Obviously you all know the famous ones - Curse of the Bambino, finally exorcised in 2004; there is the Curse of the Billy Goat, which is still going strong, but looks like it has chance to graze no more; and a lot of people, especially them's in New England point to the Curse of A-Rod. Well how about the more obscure curses - like the Curse of the ex-Cubs, which has not always been fool-proof, but has a pretty good batting average all the same; or the Curse of Pedro Borbon.
Liking the whole voodoo of the curse factor, I propose that The Curse of Ryan is now in full effect. So here's the tale.

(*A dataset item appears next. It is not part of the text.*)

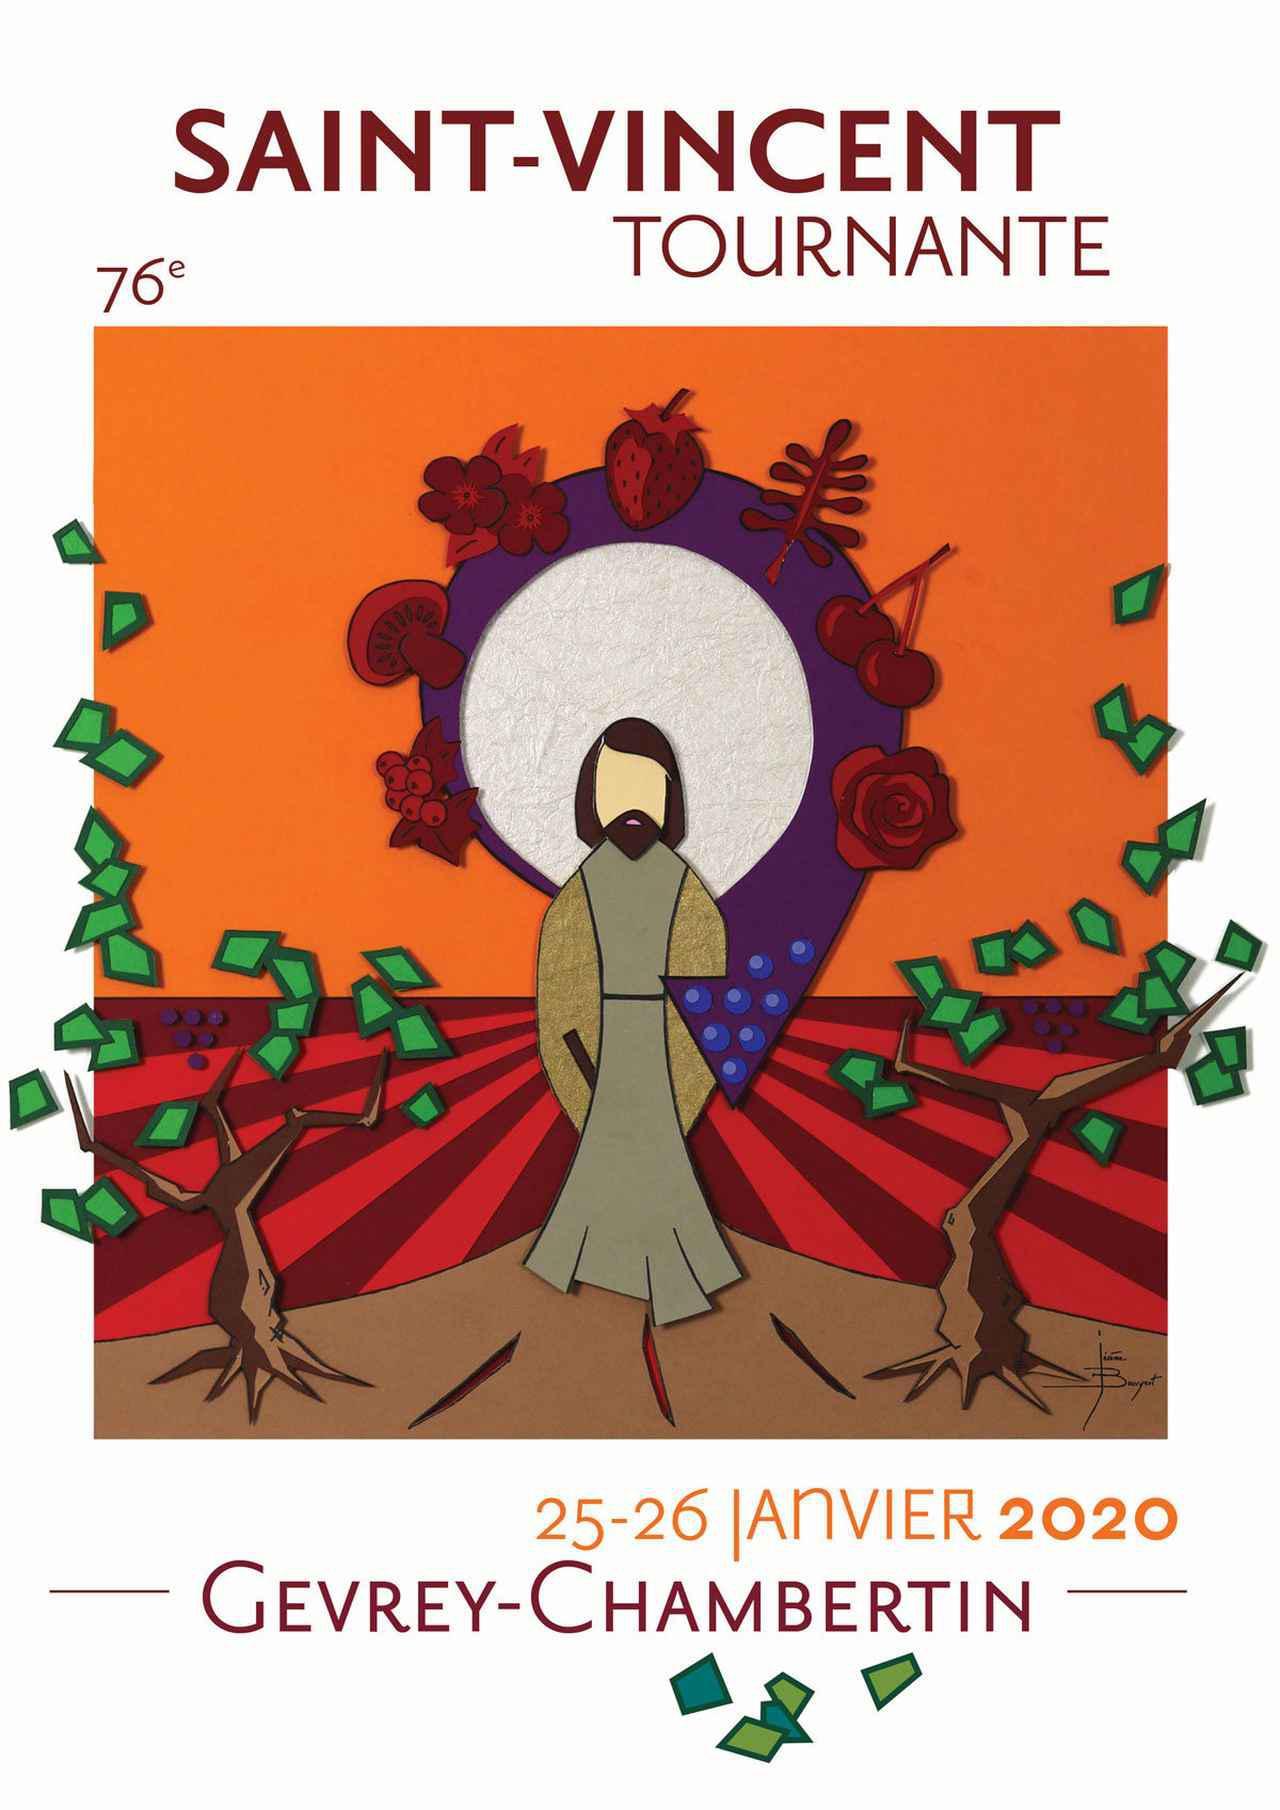 画像: ジュヴレ・シャンベルタン村が主催する「サン・ヴァンサン・トゥルナント 2020」のポスター

On October 26, 2000, a young man was born named Ryan. His dad (that would be me) is a HUGE METS FAN (all caps on that). The evening of 10/26/2000 was also the night the Mets lost the World Series to the Yanks at Shea. Bittersweet, since the birth of my second son was so joyous, but sad because my Mets lost. So Ryan placed the curse that night, for the Yankees to never win the WS again.
And, yes, I know, they got there in 2001, but the kid was a year old folks. The little guy's mojo wasn't too strong yet. Every year though, he gets older and the curse is getting stronger. He's 7 now, and the Curse is keeping the NYY down in the standings. By the time he's 13, the Yankees will resemble the KC Royals!
So a message to you all - he won't take it off, and you all have your celebrating at Shea on that night to blame. Light a candle, say a novena, because it's on.
Note: Pick up Baseball's Most Wanted if you want to read about a ton of BB oddities. Great read.